Genauso haben sie Lust auf neue Flaschen. Seit mehr als einem Jahr verkauft die Brauerei Bier in kleinen Flaschen mit Bügelverschluss. Der Deckel mit dem „Plopp“ beim Öffnen ist in den letzten Jahren wieder in Mode gekommen. Gleichzeitig zeigt dieses Beispiel die Herausforderung für die Brauer im Handel. Die Bügelflaschen sind teurer als die Variante mit Kronkorken. Dennoch gibt der Handel knapp kalkulierte Preise vor, so hat es sich in der Vergangenheit etabliert. „Spielraum für die Brauereien ist kaum vorhanden“, sagt Tichelkamp. Trotzdem blickt er zuversichtlich in die Zukunft. Die Leitlinie ist klar: „Das wichtigste bei allen Produkten ist die Emotion.“

Brauerei Schlüffken:
Das etwas andere Bier

Ein paar Kilometer weiter im Norden läuft der Brauprozess auf engster Fläche. Das Malzlager, der Gärkessel aus Edelstahl – am Nordbahnhof steht in kleinen Räumen alles eng beieinander. Die Flaschen füllen sie dort noch von Hand ab. Seit Dezember braut die Familie Furth an ihrer Gaststätte „Nordbahnhof“ Pils und Alt. Die Geschwister Anne und Johannes Furth – mit 30 und 32 Jahren die junge Generation des Familienbetriebs – brachten den Plan ein.

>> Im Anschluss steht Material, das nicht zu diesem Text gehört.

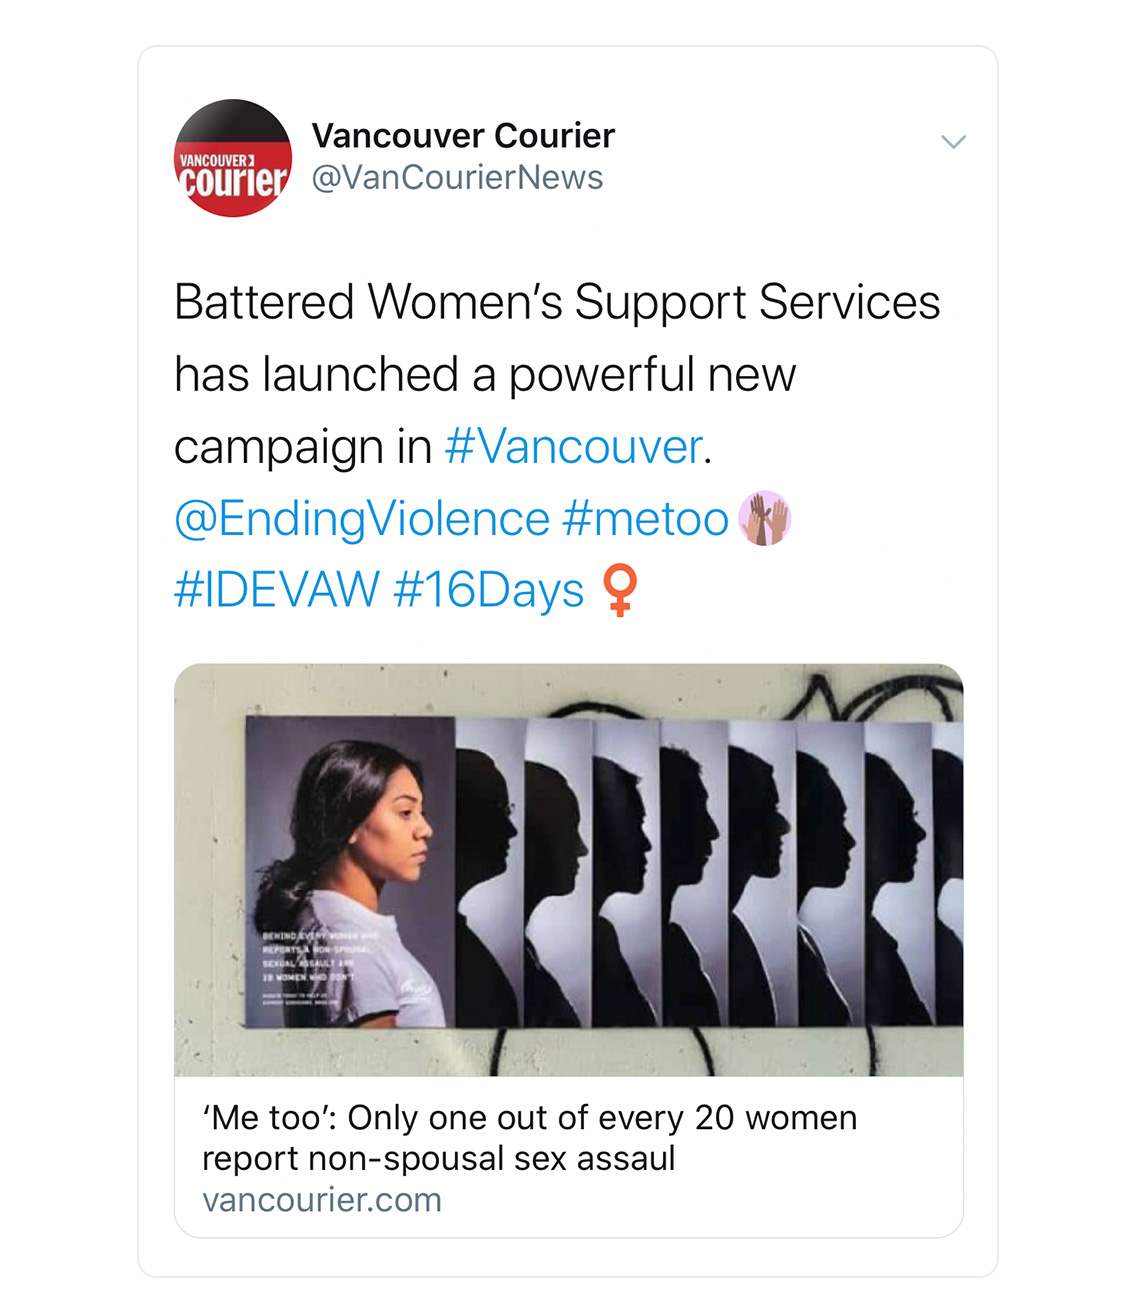 Vancouver Courier tweet in support of BWSS 1 in 20 campaign

Natürlich sei die Investition in eine eigene Brauerei ein gewisses Risiko, sagt Johannes Furth. Doch das Geschäft funktioniert, so der erste Eindruck. Auch andere Lokale beliefert Furth inzwischen, in zwei Getränkeläden stehen die Flaschen. „Es ist natürlich klasse, wenn dein Alt in der Gastronomie neben einem Krombacher ausgeschenkt wird“, sagt Furth. Dass sein Betrieb so klein ist, stellt sich dabei als Vorteil heraus. „Seit drei, vier Jahren geht der Trend zum Regionalen“, sagt Furths Braumeister Mario Röhm. „Die Menschen schätzen, dass sie die Leute hinter dem Bier kennen“, sagt Furth. Deshalb sei im eigenen Lokal der Wechsel weg von den bekannten Marken kein Problem gewesen.

Um am Markt zu bestehen, ist die Herausforderung für die Brauerei Schlüffken gleichzeitig der entscheidende Faktor des Erfolgs: Pils und Alt müssen sich von den großen Standardmarken abheben, gleichzeitig dürfen sie nicht zu weit weg sein. Das gilt schon beim Glas. Das Altbier gibt es aus dem klassischen Becher, beim Pils kommt eine Art XXL-Kölschstange statt der Tulpe auf den Tisch. Auch beim Geschmack muss Brauer Röhm den richtigen Mix finden. Das Pils sei ein Klassisches, aber ein bisschen bitterer. Beim Alt soll es das Gleichgewicht einer malzigen und einer bitteren Note sein, sagt Röhm.

Damit das Bier den gewünschten Geschmack hat, weichen die Gründer von Gesetzen des Massenmarktes ab. Dort darf das Bier nicht lange lagern, muss schnell gären, um den Ausstoß zu erhöhen. Das Schlüffken-Bier bekomme mehrere Wochen, um den gewünschten Geschmack zu erzielen, sagt Furth. Natürlich hat das seinen Preis. „Die Kunden müssen bereit sein, mal 60, 70, 80 Cent mehr je Liter zu zahlen“, sagt Röhm. Wenn das gelingt, kann das neue Bier in Krefeld ein Premium-Segment besetzen, das die meisten Supermarktbiere nicht bedienen können. „Wir wollen Bier für besondere Anlässe brauen“, sagt Furth. Daher fülle sein Betrieb auch in Liter-Flaschen ab – passend, um zu teilen.